Despite the backlash, Gow told reporters from The Seattle Times that he was trying to advocate for the freedom of expression.

“She seemed like a person who had a life experience dramatically different than the rest of us,” Gow said.

Upon being asked whether the System’s actions were consistent with its policy, Gow waited a few seconds before answering.

“I would hope that all of us take a breath and take a look at the policy and see there’s an important principle here, and that’s promoting and protecting free speech on campus,” he said.

However, Cross says he disagrees, claiming the basis of the letter was “for exercising poor judgment.”

“Apart from my personal underlying moral concerns, I am deeply disappointed by your decision to actively recruit, advocate for, and pay for a porn star to come to the UW-La Crosse campus to lecture students about sex and the adult entertainment industry,” Cross wrote in the letter.

Additionally, Cross addressed concerns about the use of Gow’s discretionary fund.
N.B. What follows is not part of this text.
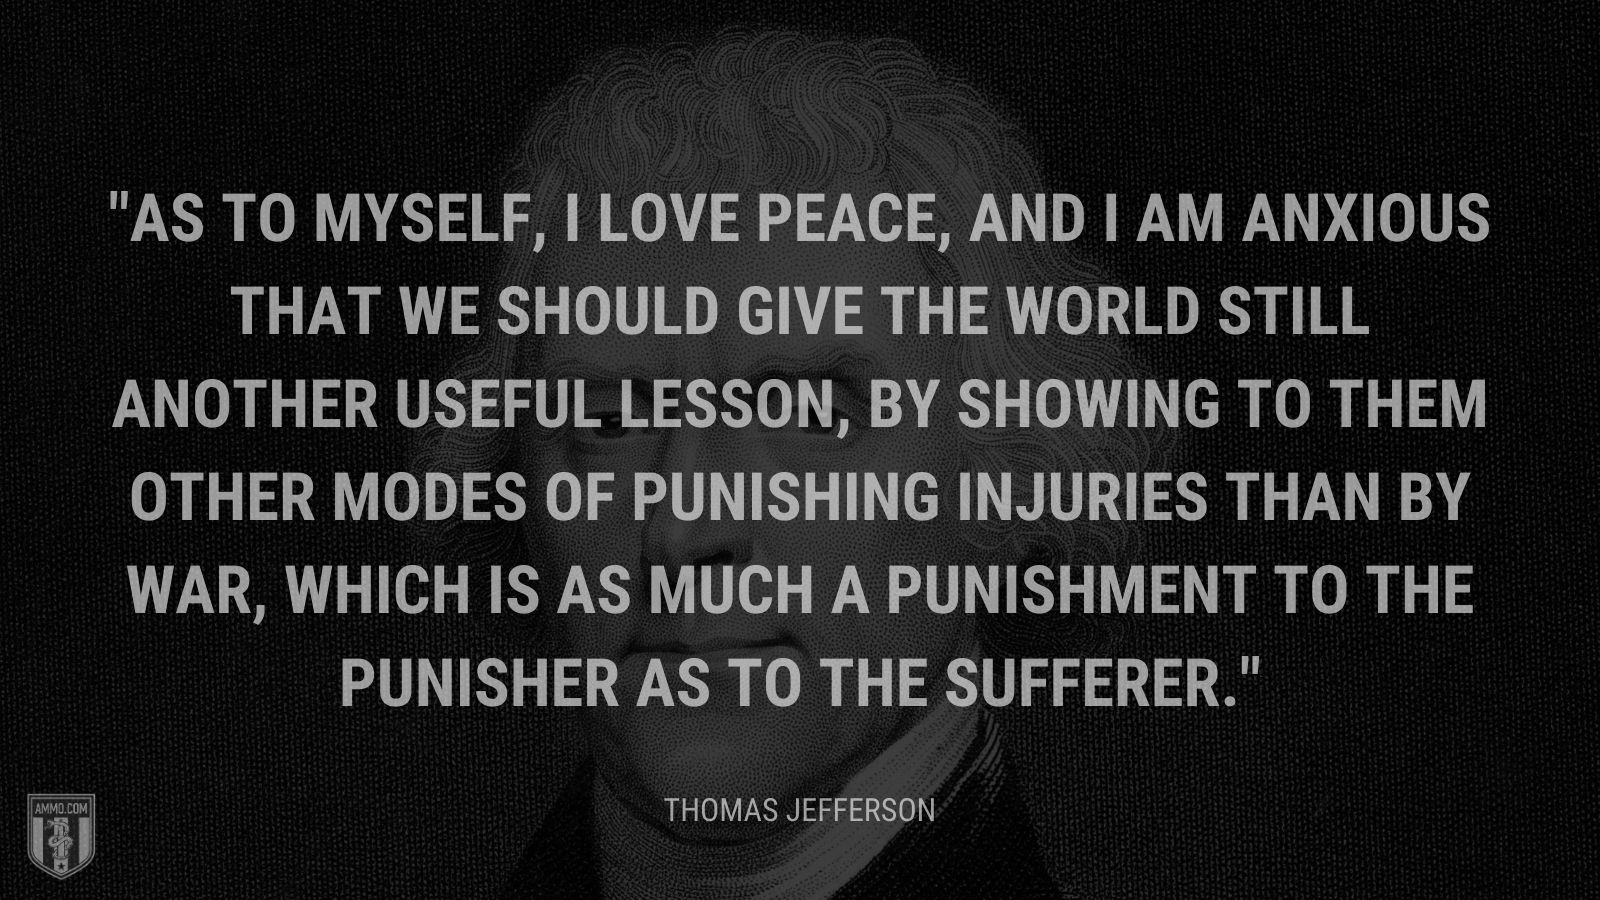 “As to myself, I love peace, and I am anxious that we should give the world still another useful lesson, by showing to them other modes of punishing injuries than by war, which is as much a punishment to the punisher as to the sufferer.” - Thomas Jefferson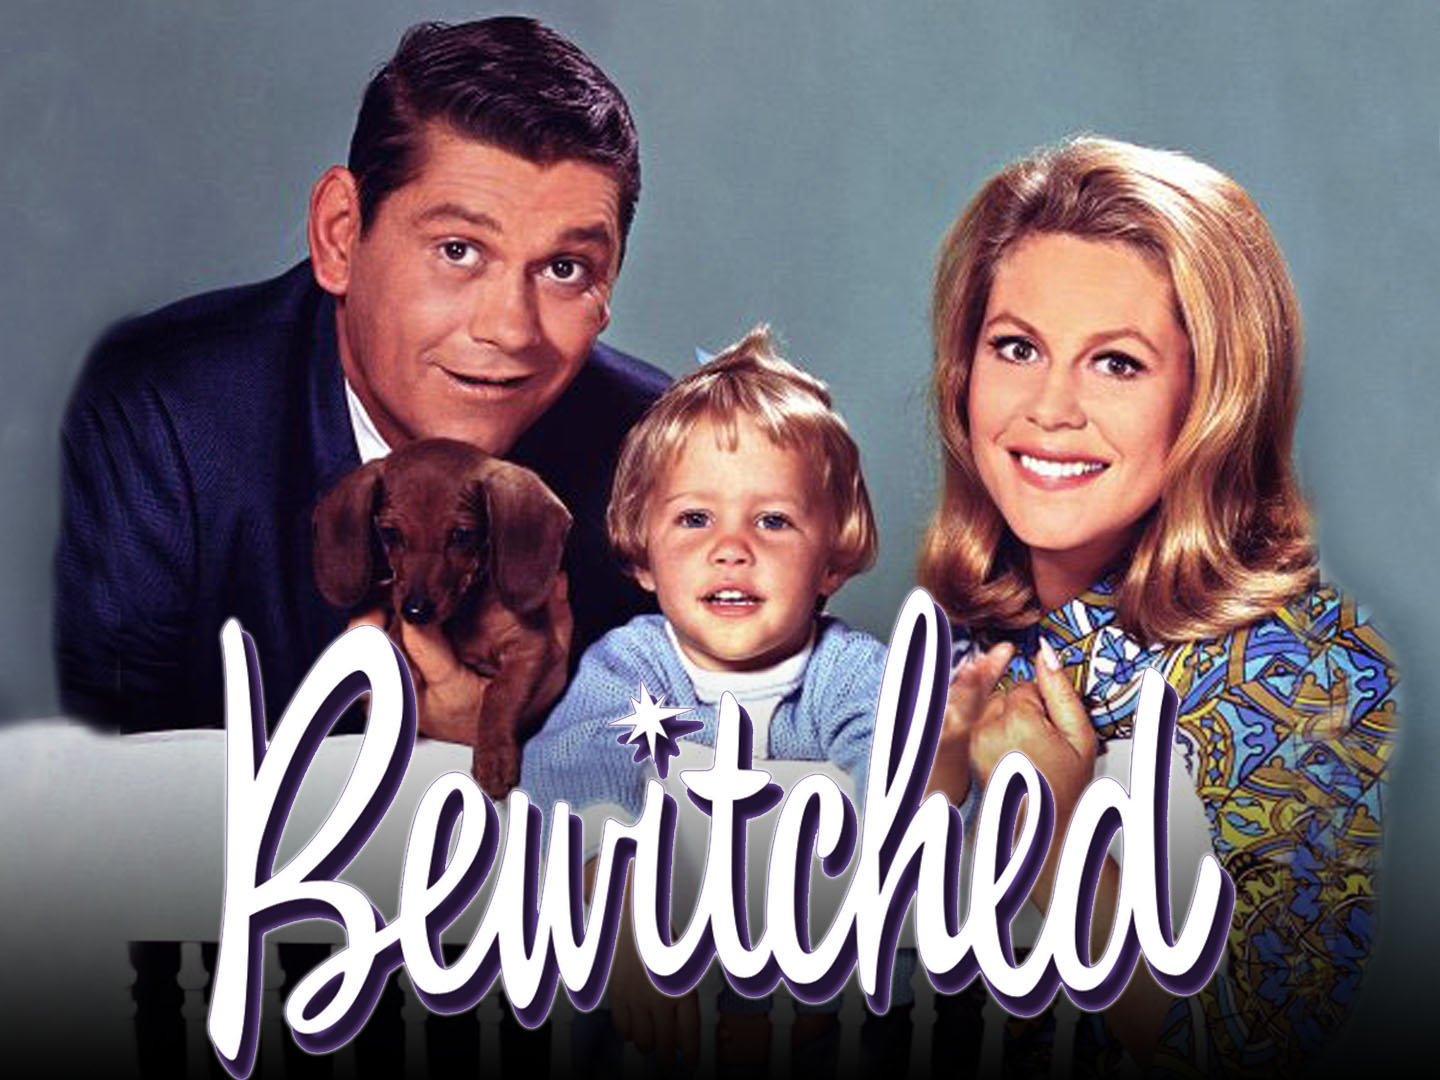 Classic TV Quiz: How Many Seasons Did These TV Shows Last? 14 bewitched

As a result, he called for an audit into the chancellor’s four-year fund spending.

“As we continue to struggle for greater financial independence and public trust, your decision to spend money from this fund on a one-sided lecture by an ‘… (adult entertainment) performer, educator, and … activist’ unfortunately puts all of our funding at risk,” Cross wrote.

Hartley’s event was held — ironically — during the UW-La Crosse’s “Free Speech Week,” which is dedicated to protecting free expressionism under the new System policy.

However, Nicholas Fleisher, an associate professor of linguistics at UW-Milwaukee, did not share the same disdain for Gow’s decision. For him, this exercised free expression on the campus.

“I think that the response from Cross and Atwell is way over-the-top and deeply hypocritical given what the Board has done in the past year or two around ‘free speech’ on campus,” Fleisher said. “Gow should absolutely not be reprimanded.”

Regent Bob Atwell stated in his letter to La Crosse Tribune that instead of freedom of speech, the issue was pornography.

“Pornography is a horrible hill on which to plant the flag of free expression,” he wrote. “I am hopeful this will result in a deep conversation about pornography rather than a shallow one about freedom.”

No, you censorious moron, pornography is the ideal hill on which to plant such a flag. 

The late Christopher Hitchens once summarized enlightenment philosophers’ views on the matter of free expression:

“What they say is it’s not just the right of the person who speaks to be heard, it is the right of everyone in the audience to listen, and to hear. And every time you silence someone you make yourself a prisoner of your own action because you deny yourself the right to hear something. In other words, your own right to hear and be exposed is as much involved in all these cases as is the right of the other to voice his or her view.”

“Don’t take refuge in the false security of consensus, and the feeling that whatever you think you’re bound to be OK, because you’re in the safely moral majority.”

“Indeed, as John Stuart Mill said, if all in society were agreed on the truth and beauty and value of one proposition, all except one person, it would be most important, in fact it would become even more important, that that one heretic be heard, because we would still benefit from his perhaps outrageous or appalling view.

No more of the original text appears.